At the Visitors' Meeting of December 1886 the Keeper was able to report the successful completion of the exchanges and transfers ...

[p. 264] With the successive transfers of the various collections to the University Museum and Pitt-Rivers Museum, the Institution in Broad Street established in 1683 by the University for the study of the natural sciences, for which purpose Ashmole had contributed the 'great variety of natural Concretes & Bodies' which he claimed to have 'amass'd together' had long since lost its scientific character. With this final move to Beaumont Street it ceased to exist, and the building only remained.
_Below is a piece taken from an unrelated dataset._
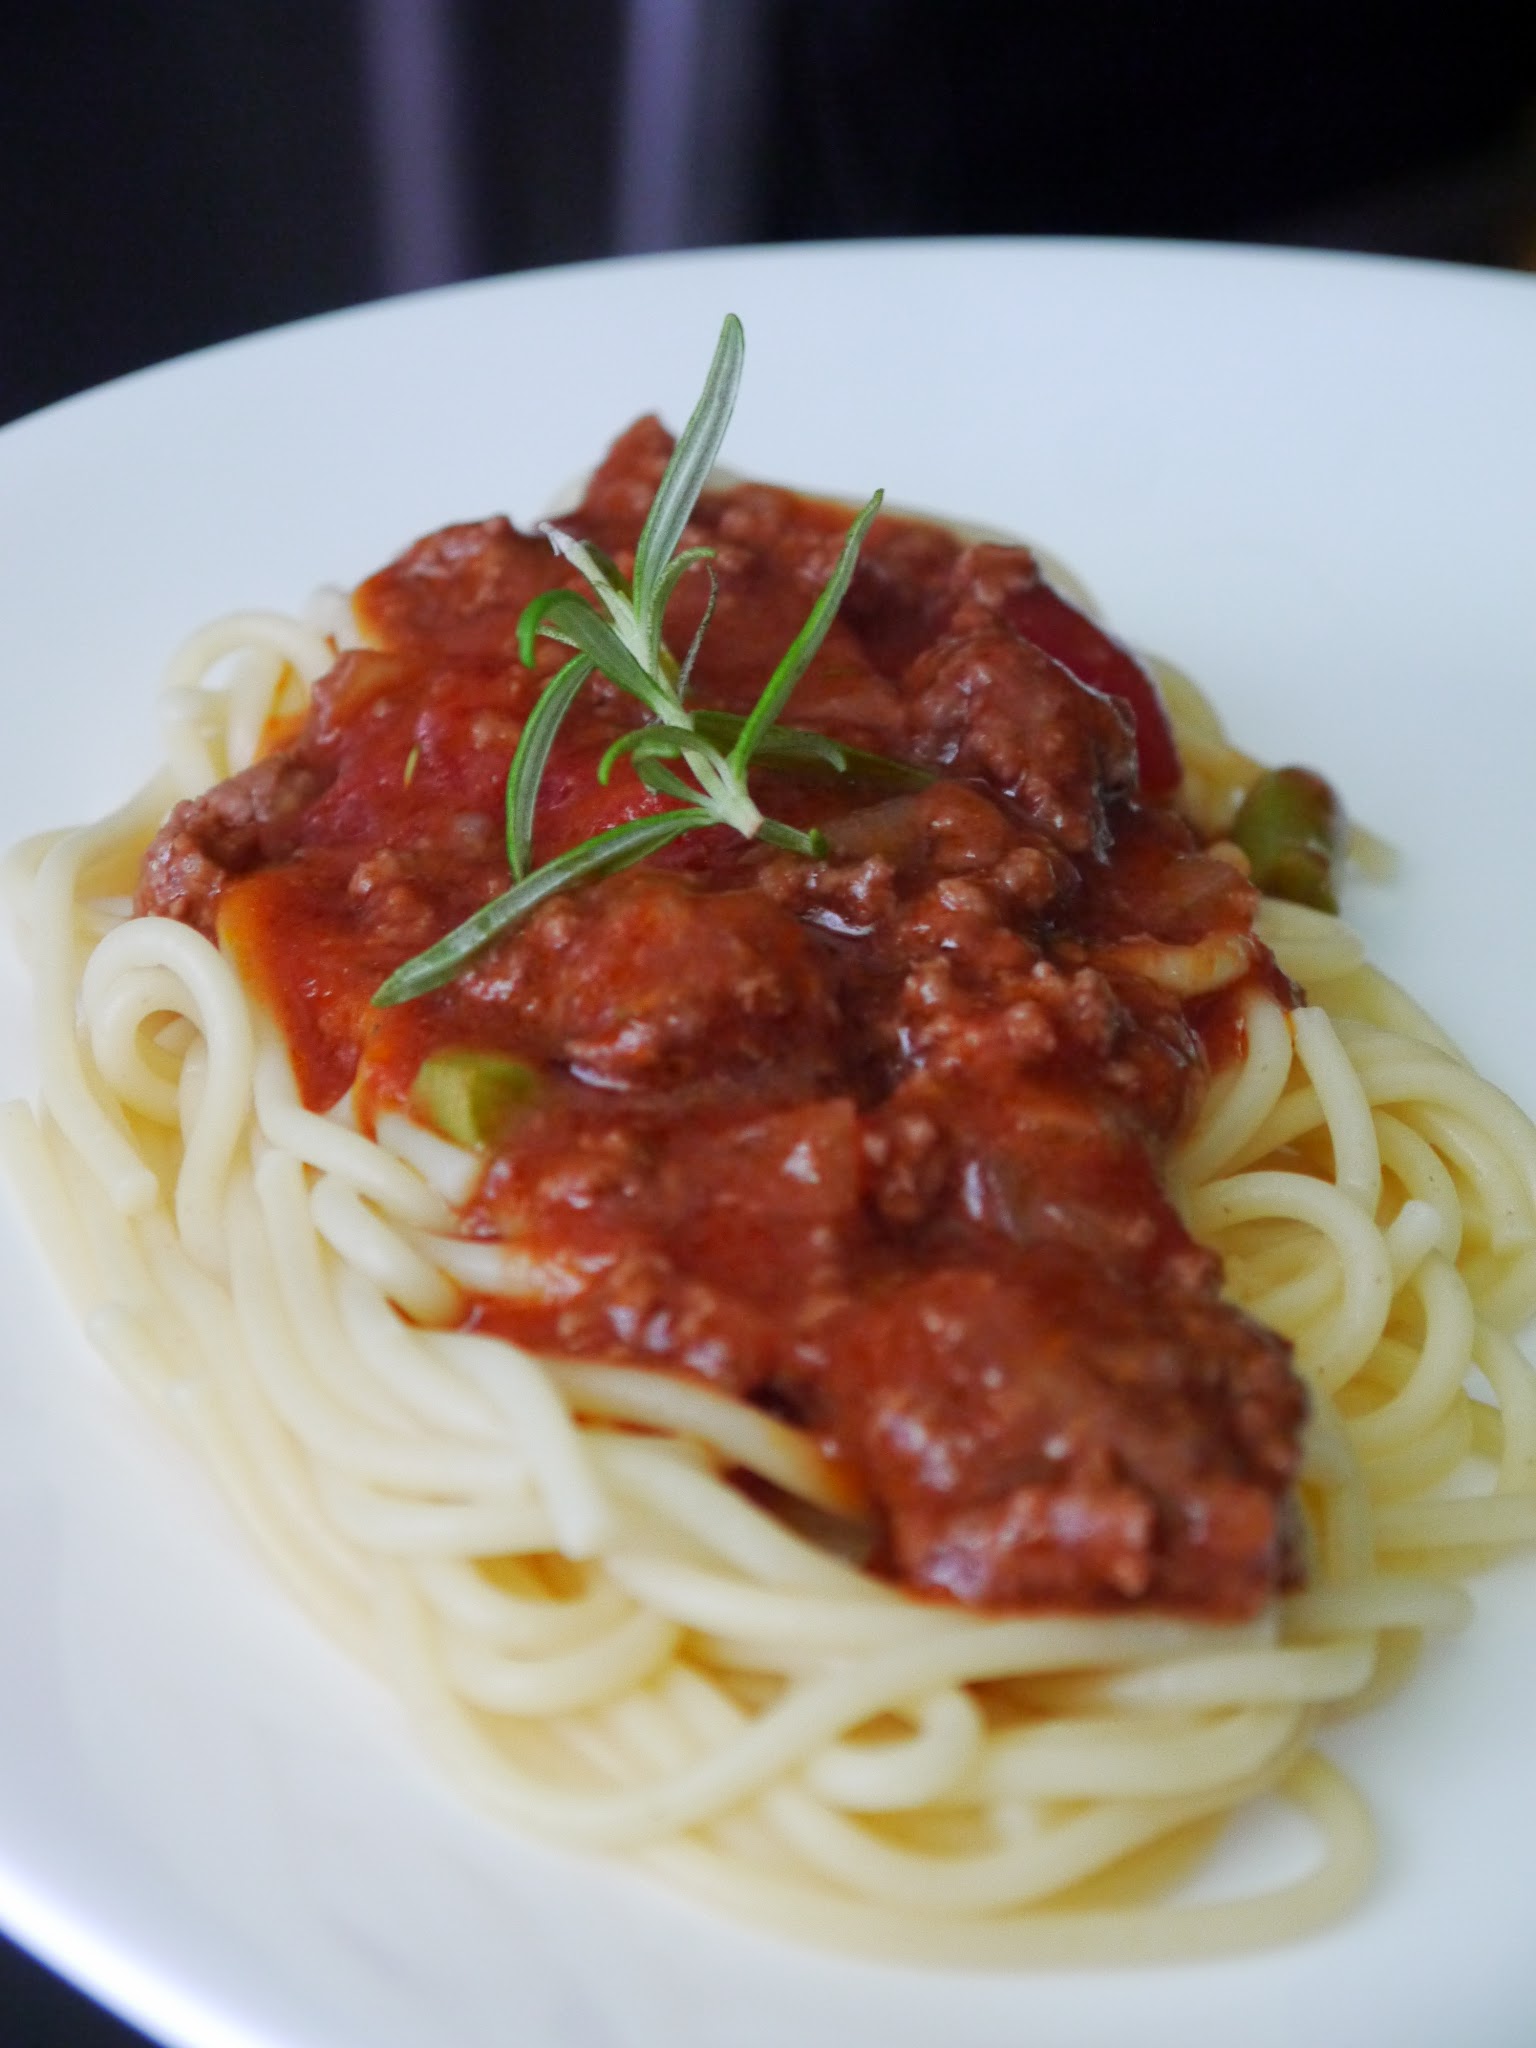 Plated Spaghetti dish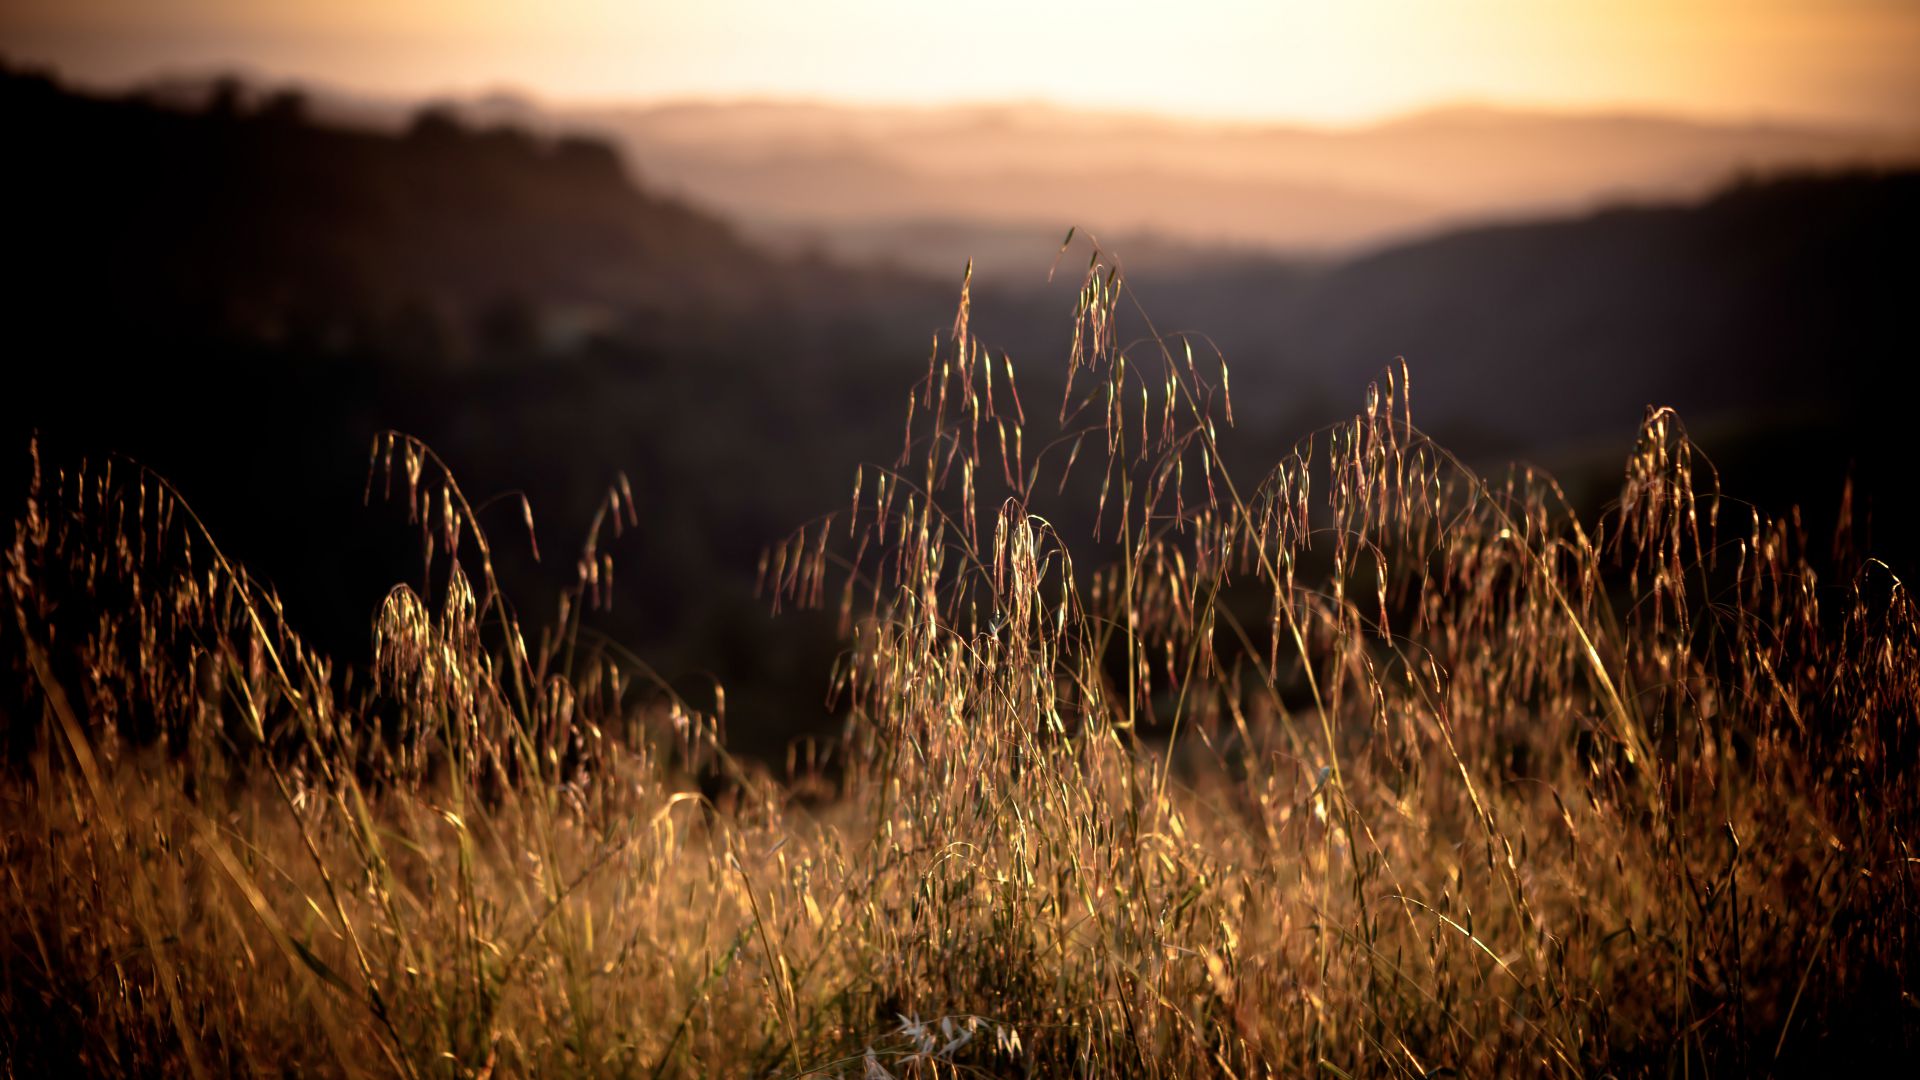 Калифорния, 4k, HD, 8k, Поле, трава, закат, California, 4k, HD wallpaper, 8k, Field, sunset, grass (horizontal)

The relics of the original Ashmolean collection which went to he new Museum along with the Fortnum art collection and the archaeological collections which Arthur Evans was building up on the modest foundation laid by J.H. Parker were little more than a cabinet of 'Tradescant Rareties', forming a small but historically important enclave, a museum within a museum, much of its contents with but little relevance to the organized growth which surrounded it. It gave to the name of Tradescant that lasting memorial to which it was so rightly entitled.

If Ashmole's spirit walks in Oxford, he would certainly be pleased, but perhaps a little puzzled to find his portrait and part of his 'Praemia Honoraria' adorning a gracious 'Founder's Room' in a museum which bears his name, but which he did not found.

[1] these had been stored by Professor Monier Williams awaiting the building of the new Indian Institute.

[2] The two volumes are now held in the Pitt Rivers Museum, and nicknamed 'the vellum volumes'.